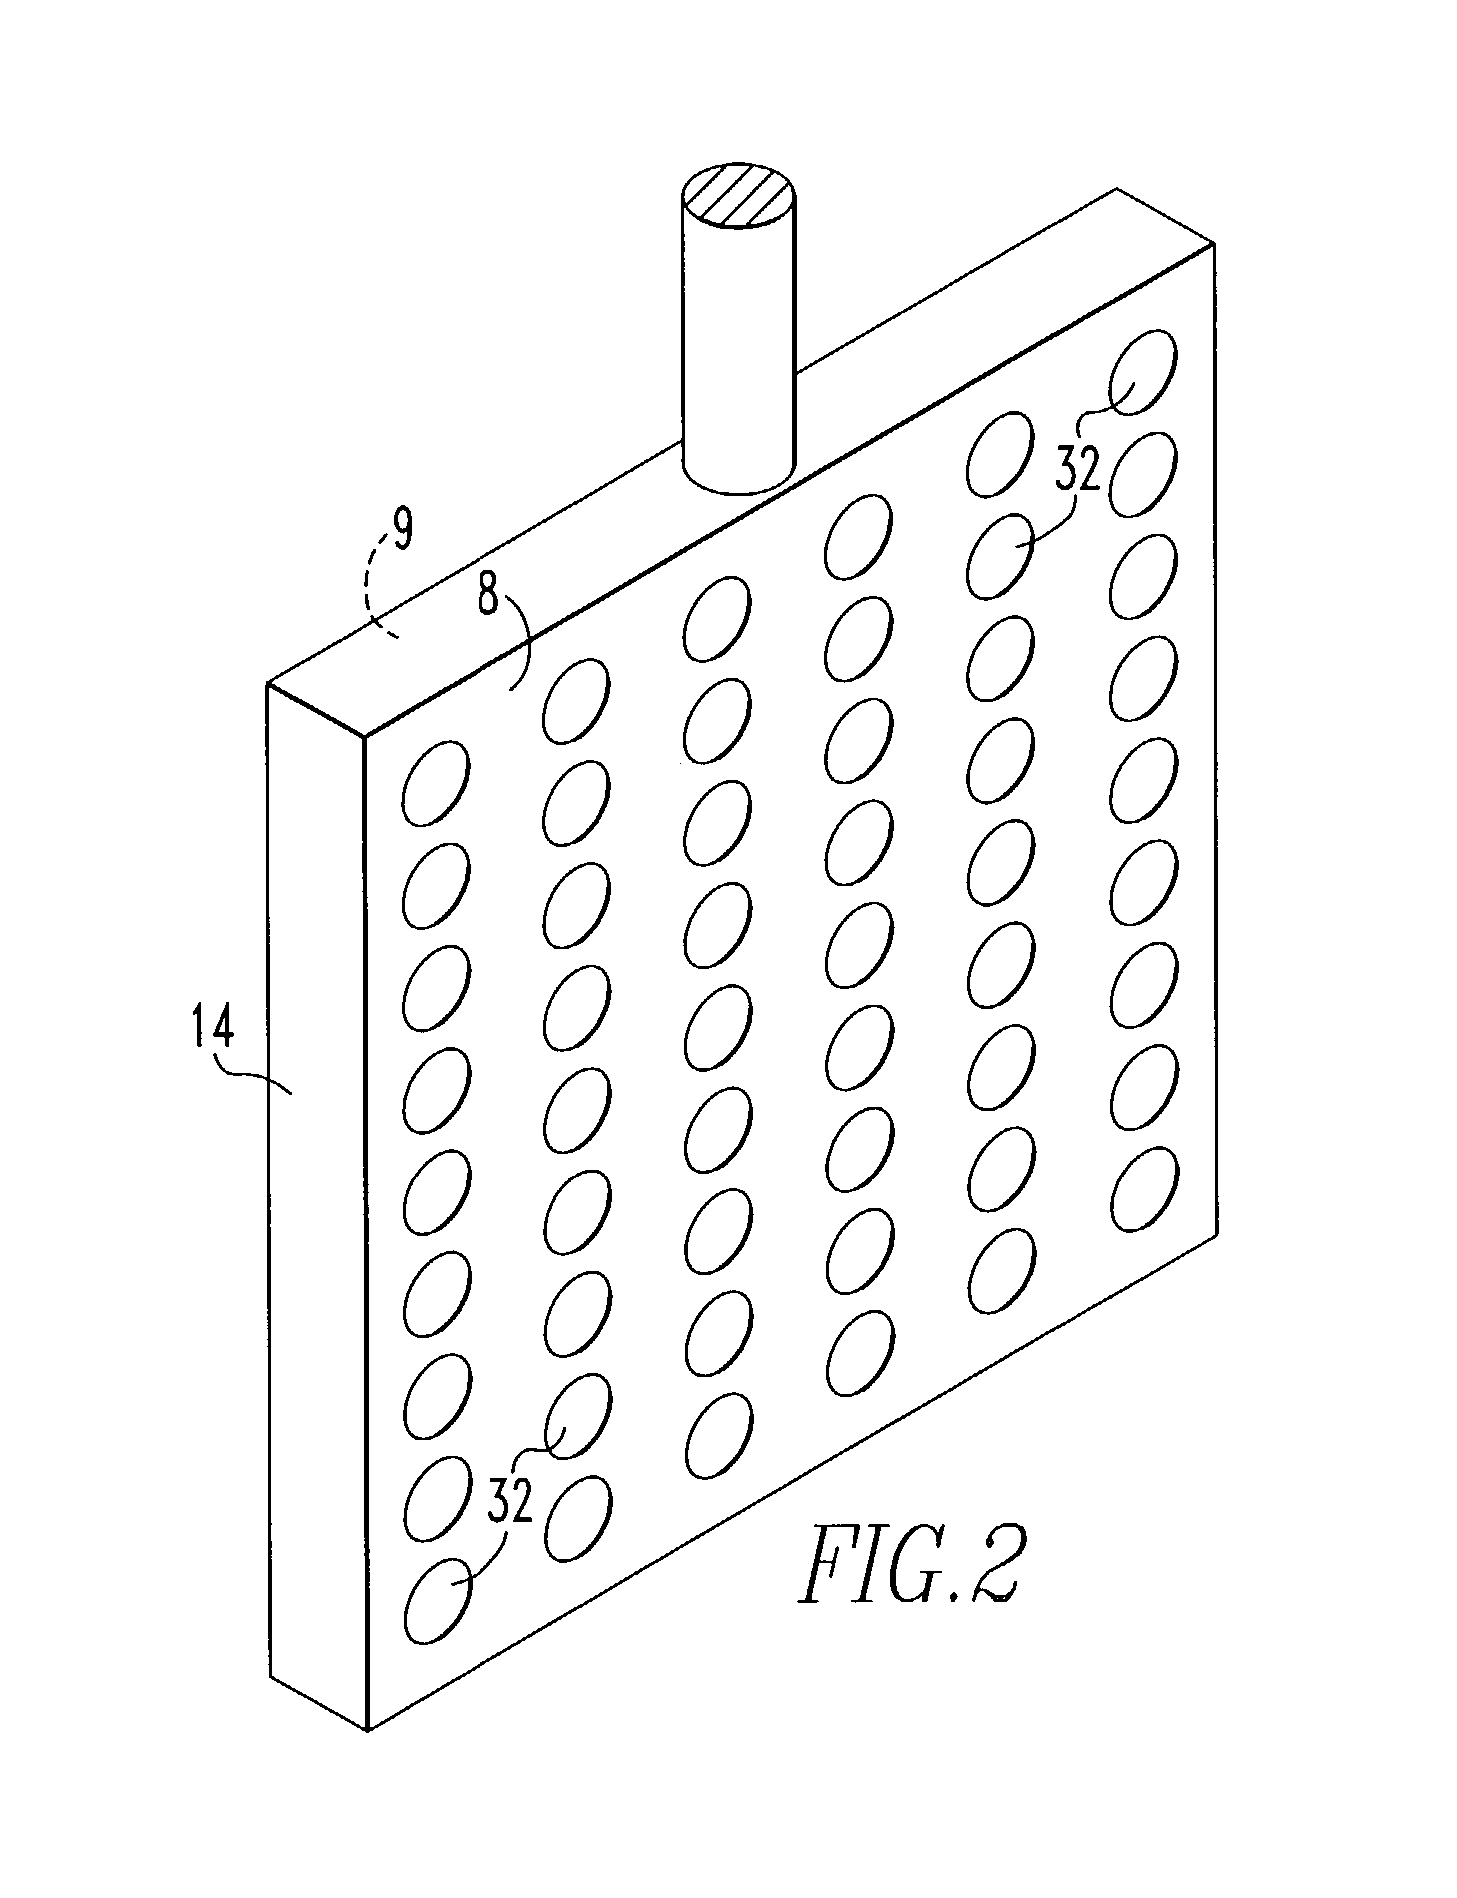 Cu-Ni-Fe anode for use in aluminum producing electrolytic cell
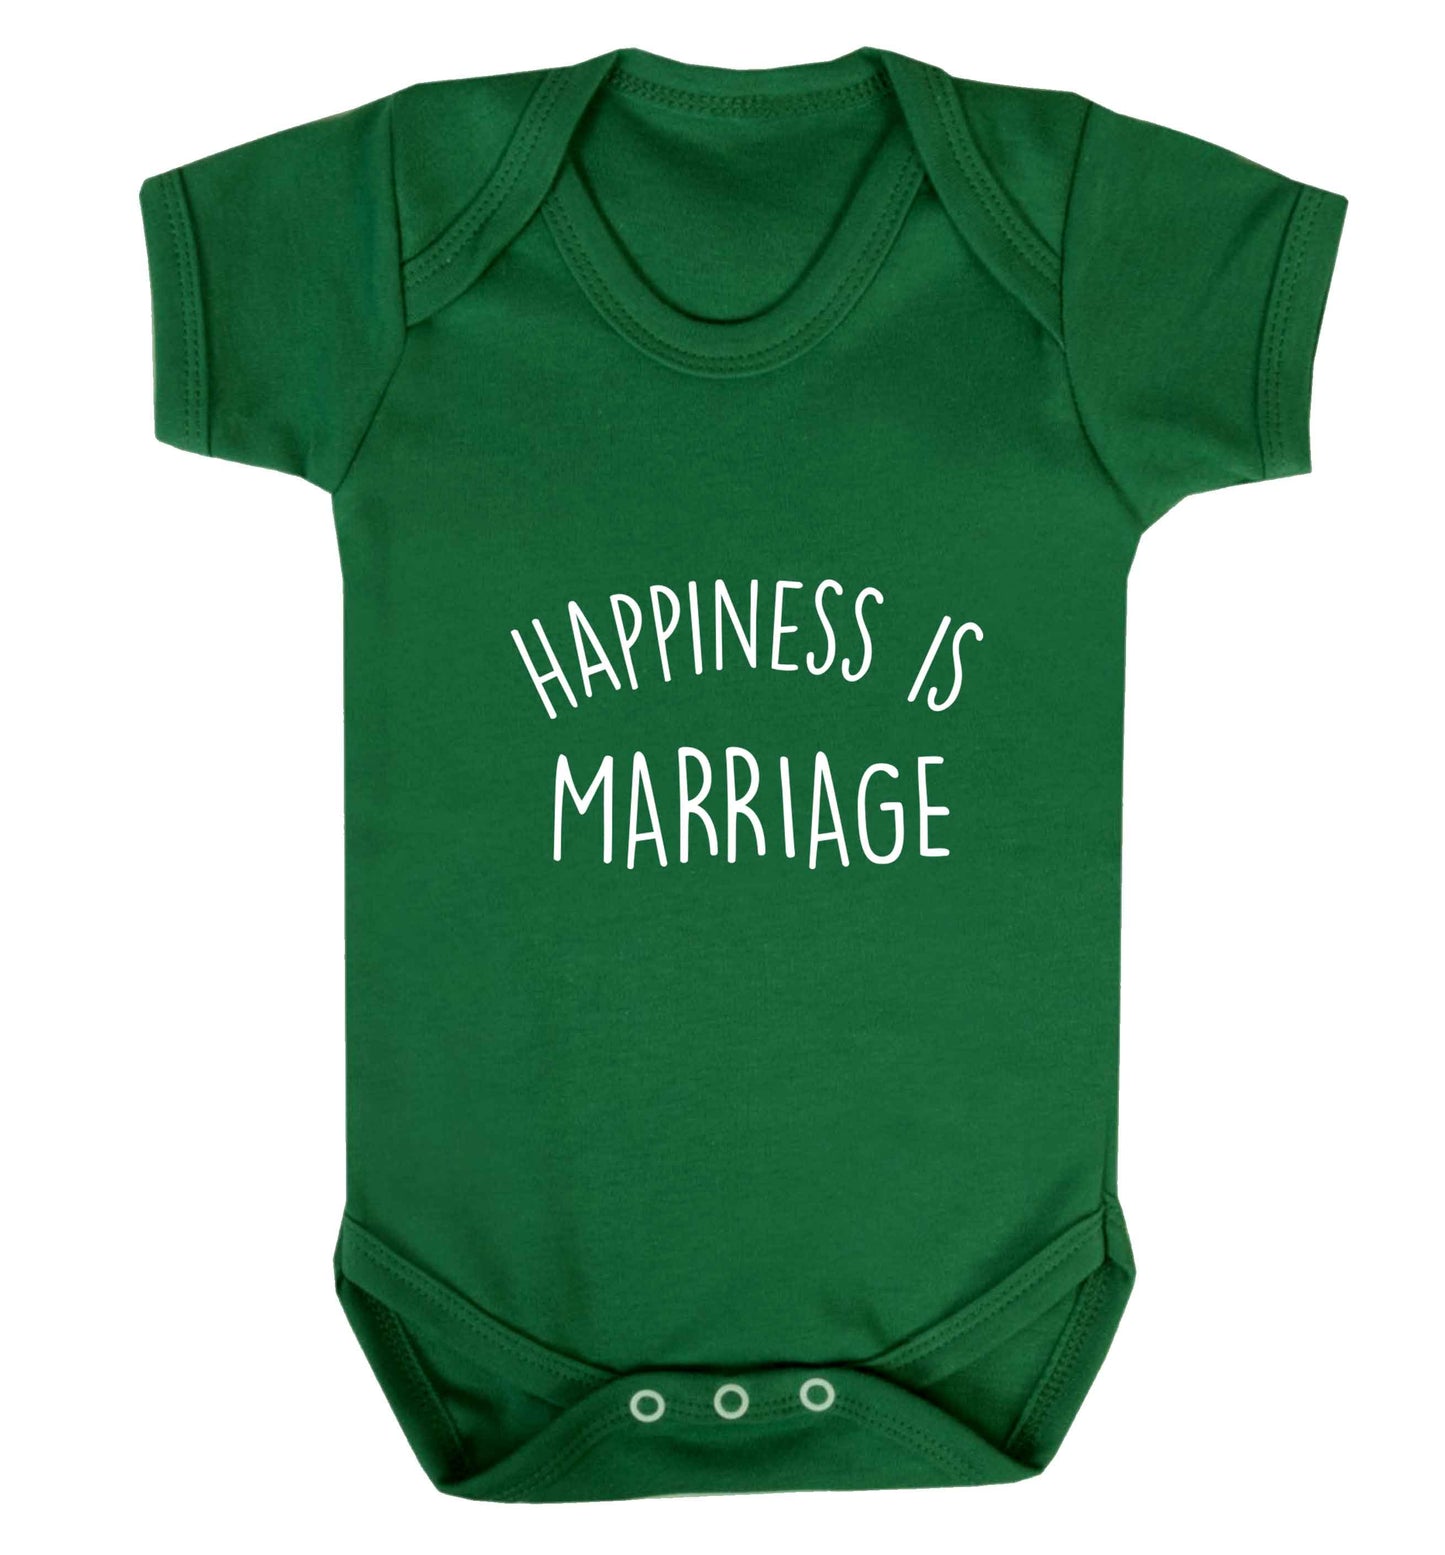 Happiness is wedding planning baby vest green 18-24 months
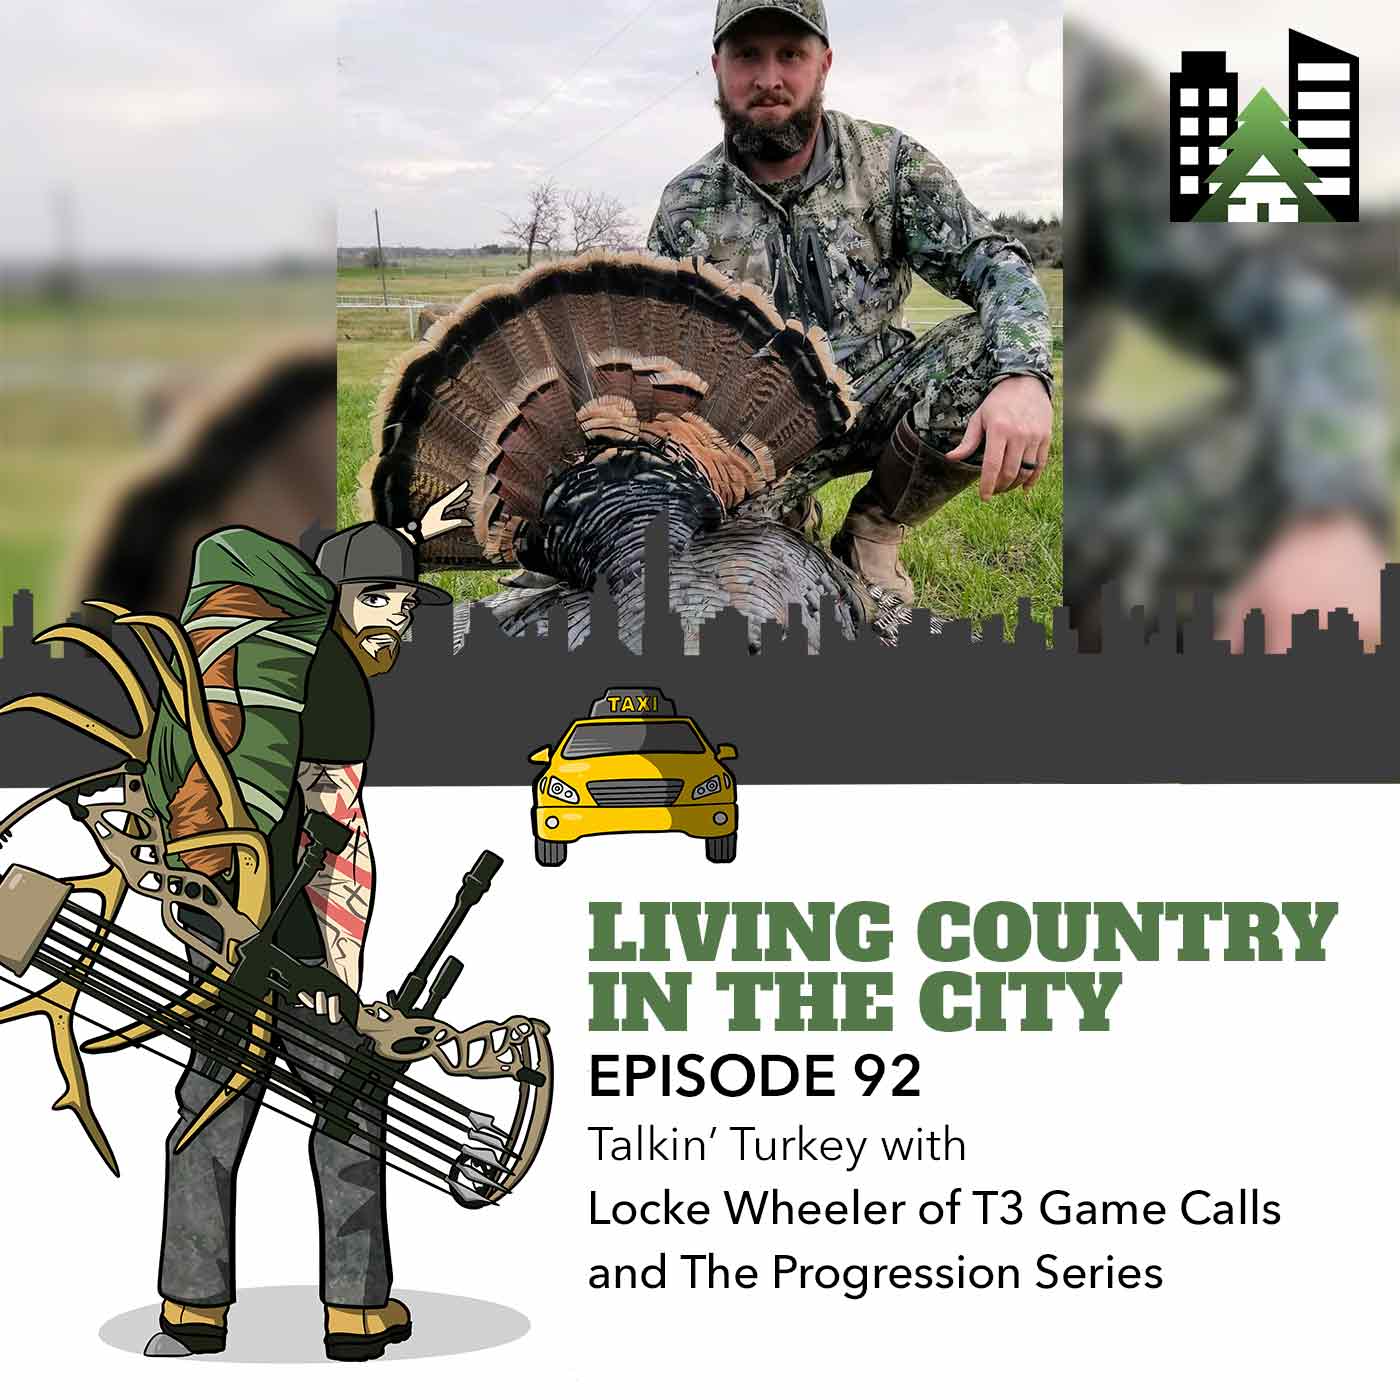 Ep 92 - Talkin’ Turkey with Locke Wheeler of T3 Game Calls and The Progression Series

Task item: With the images omitted, repeat all the data word for word.

Written solution:
 Cu-Ni-Fe anode for use in aluminum producing electrolytic cell
 Happiness is wedding planning baby vest green 18-24 months
 Ep 92 - Talkin’ Turkey with Locke Wheeler of T3 Game Calls and The Progression Series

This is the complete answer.